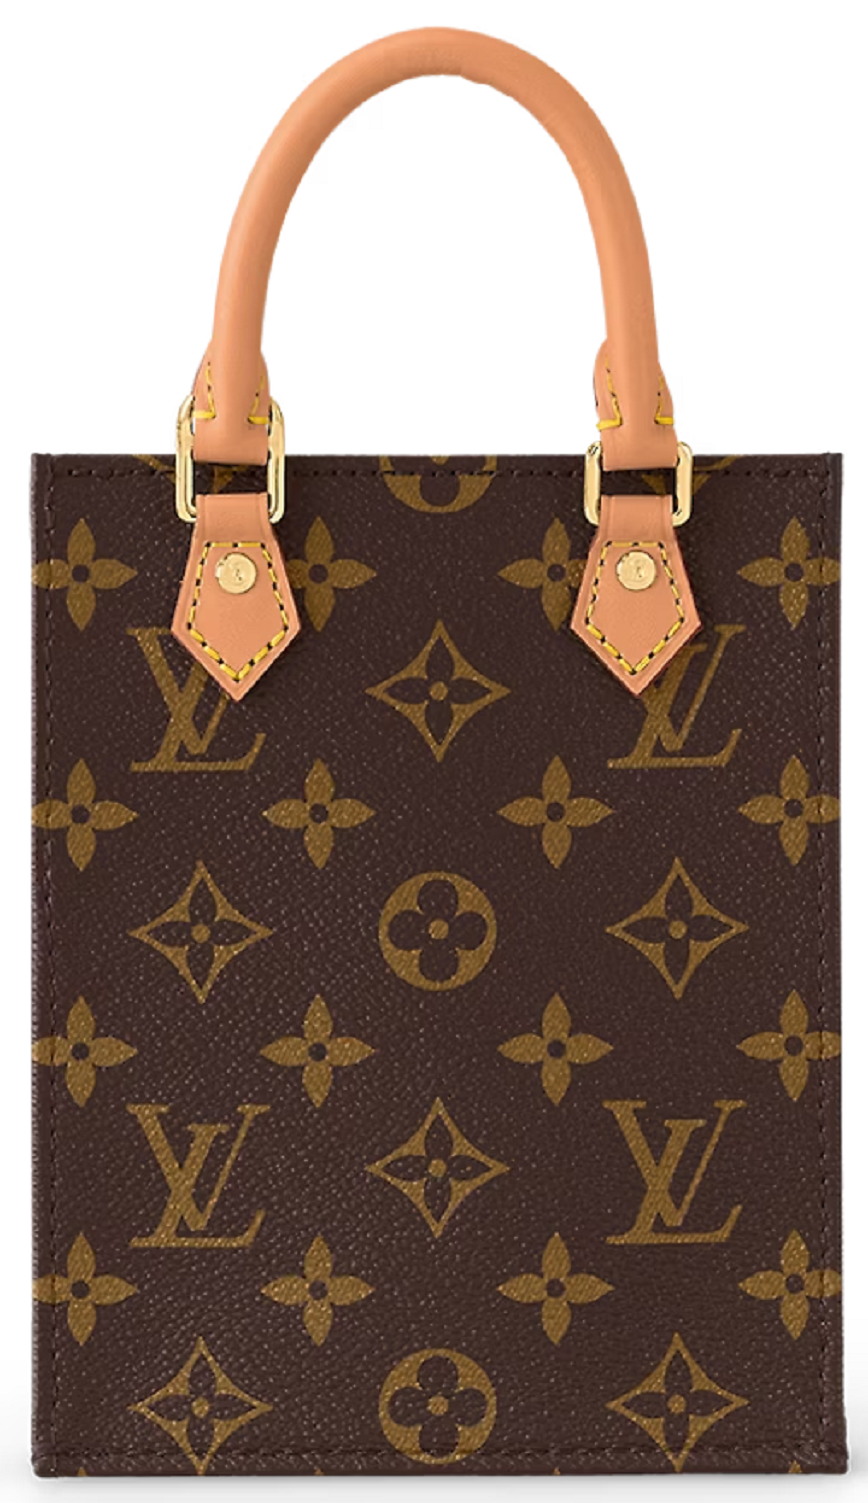 Louis Vuitton MONOGRAM Petit sac plat (M81295)
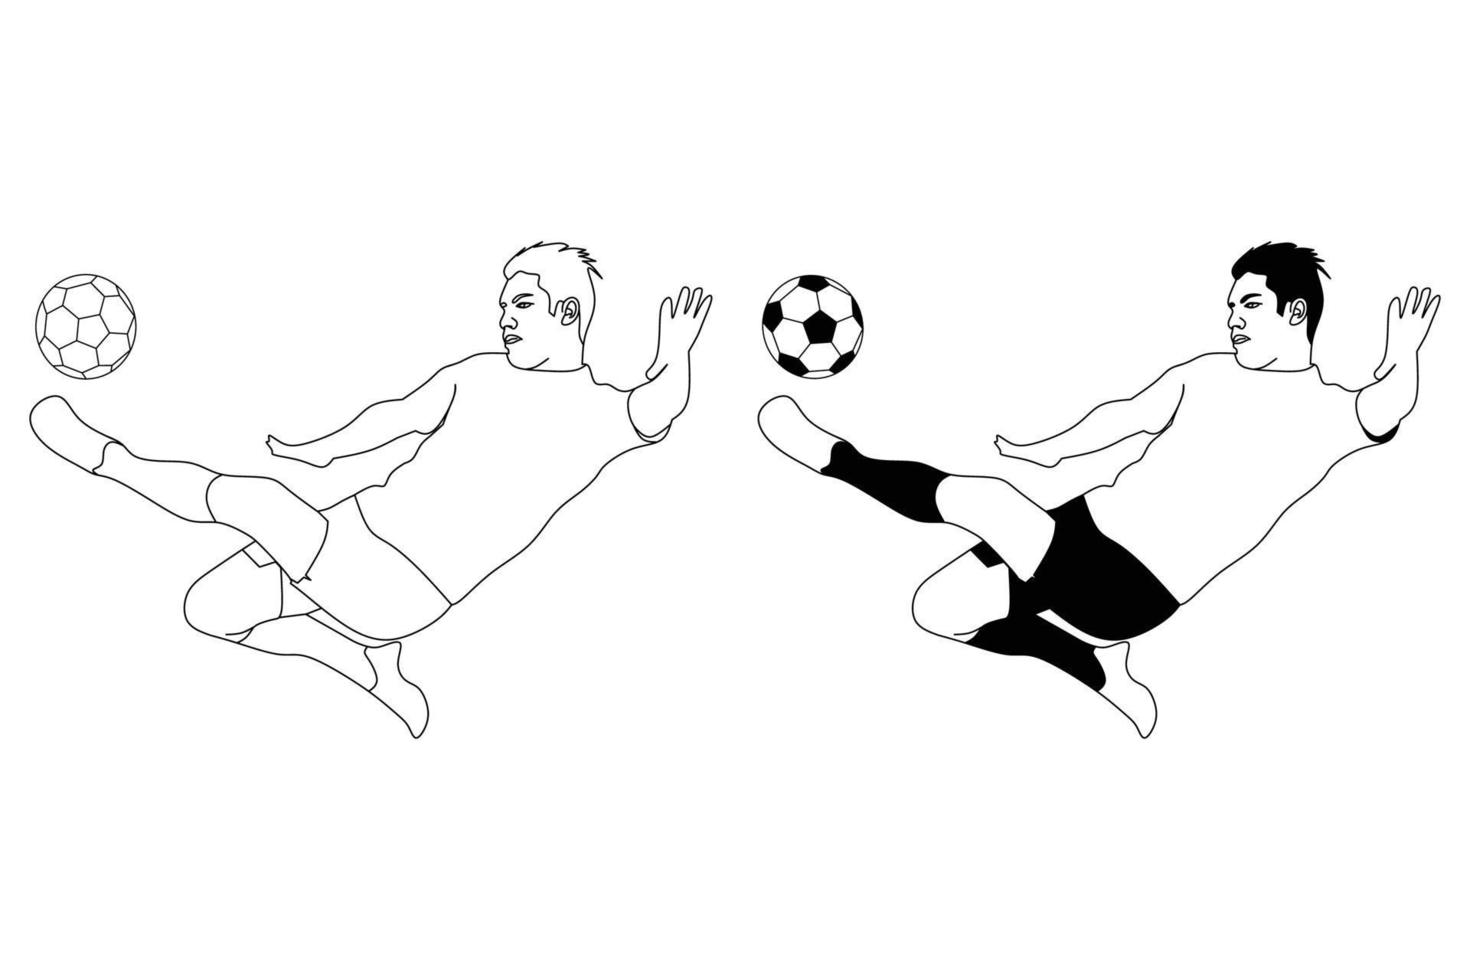 Vektor-Football-Spieler. schwarz-weiße Strichzeichnungen. vektor
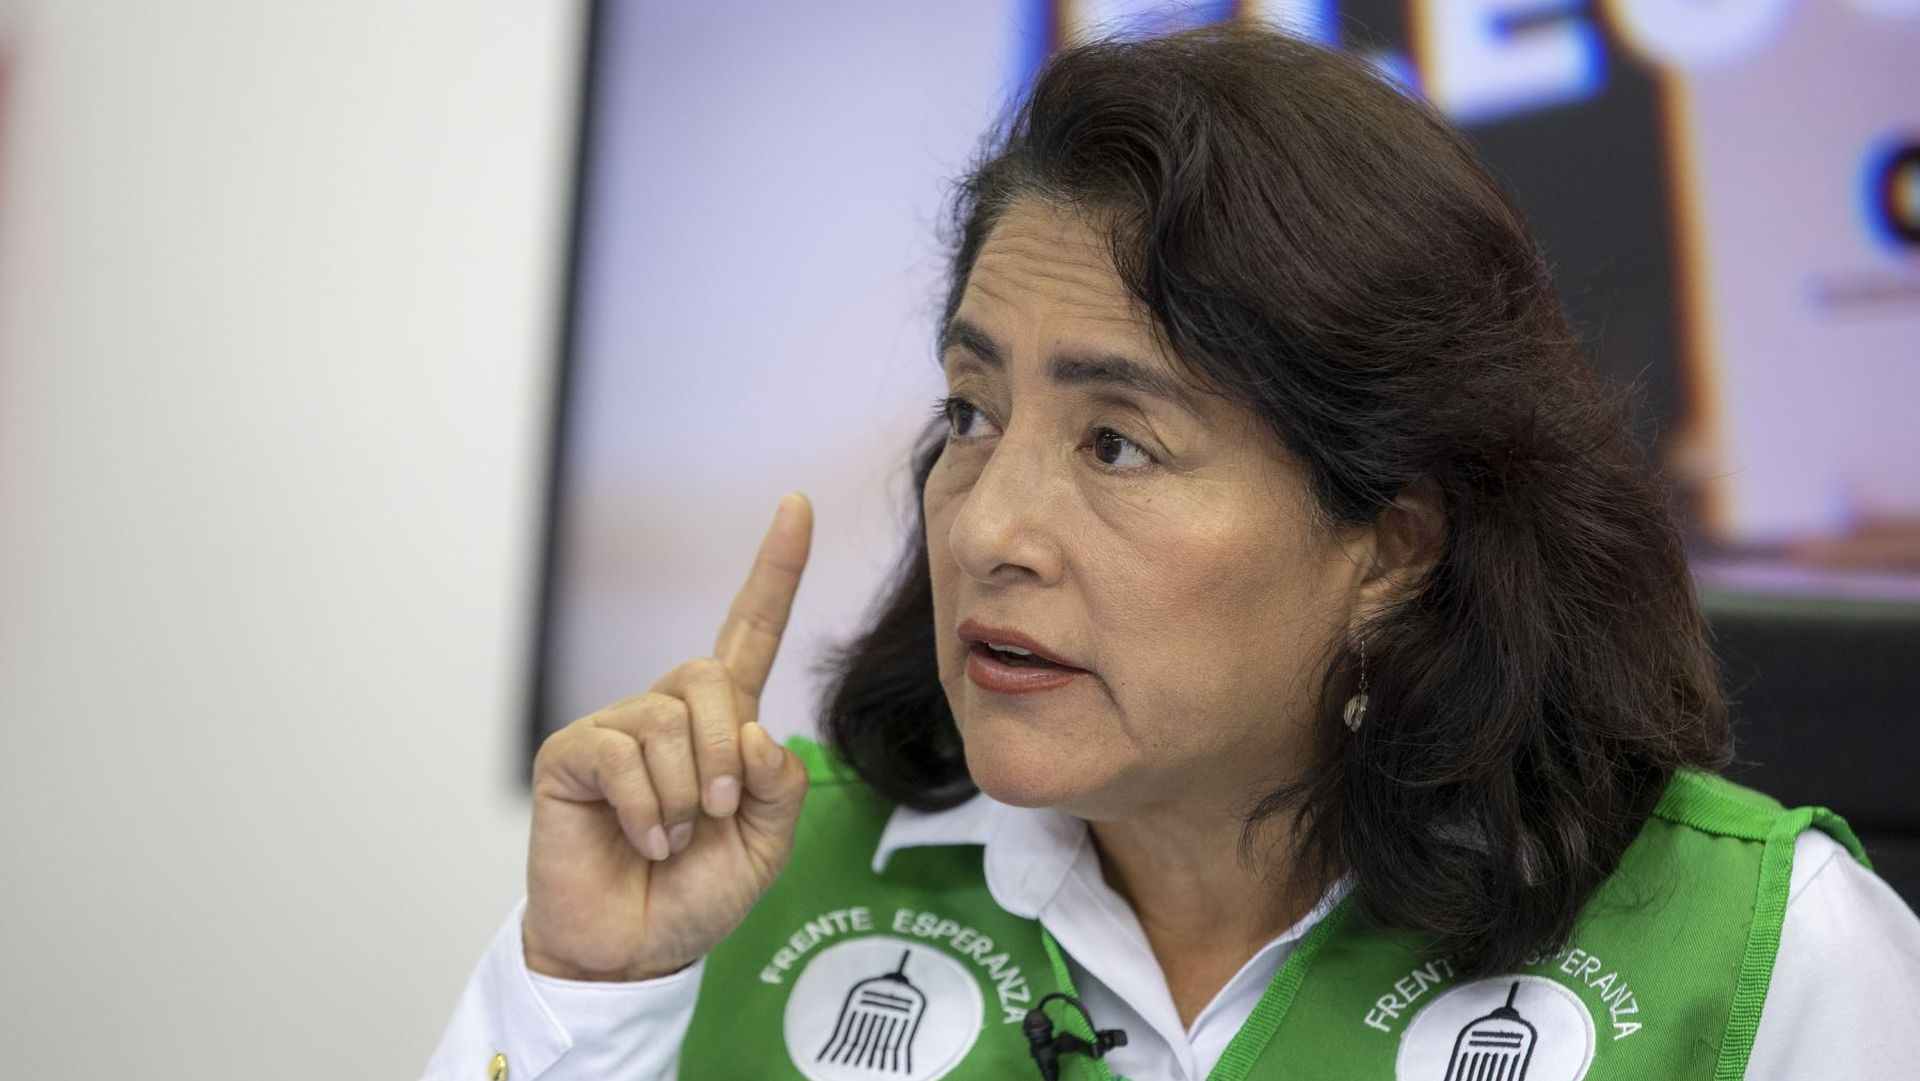 Elizabeth León, candidata del Frente Esperanza: “La población vota analizando el final del periodo electoral” | ENTREVISTA

──────

* _Work request_:
Output the data above exactly, excluding images.

* _Output for this exercise_:
 Louis Vuitton MONOGRAM Petit sac plat (M81295)
 Vektor-Football-Spieler. schwarz-weiße Strichzeichnungen. vektor
 Elizabeth León, candidata del Frente Esperanza: “La población vota analizando el final del periodo electoral” | ENTREVISTA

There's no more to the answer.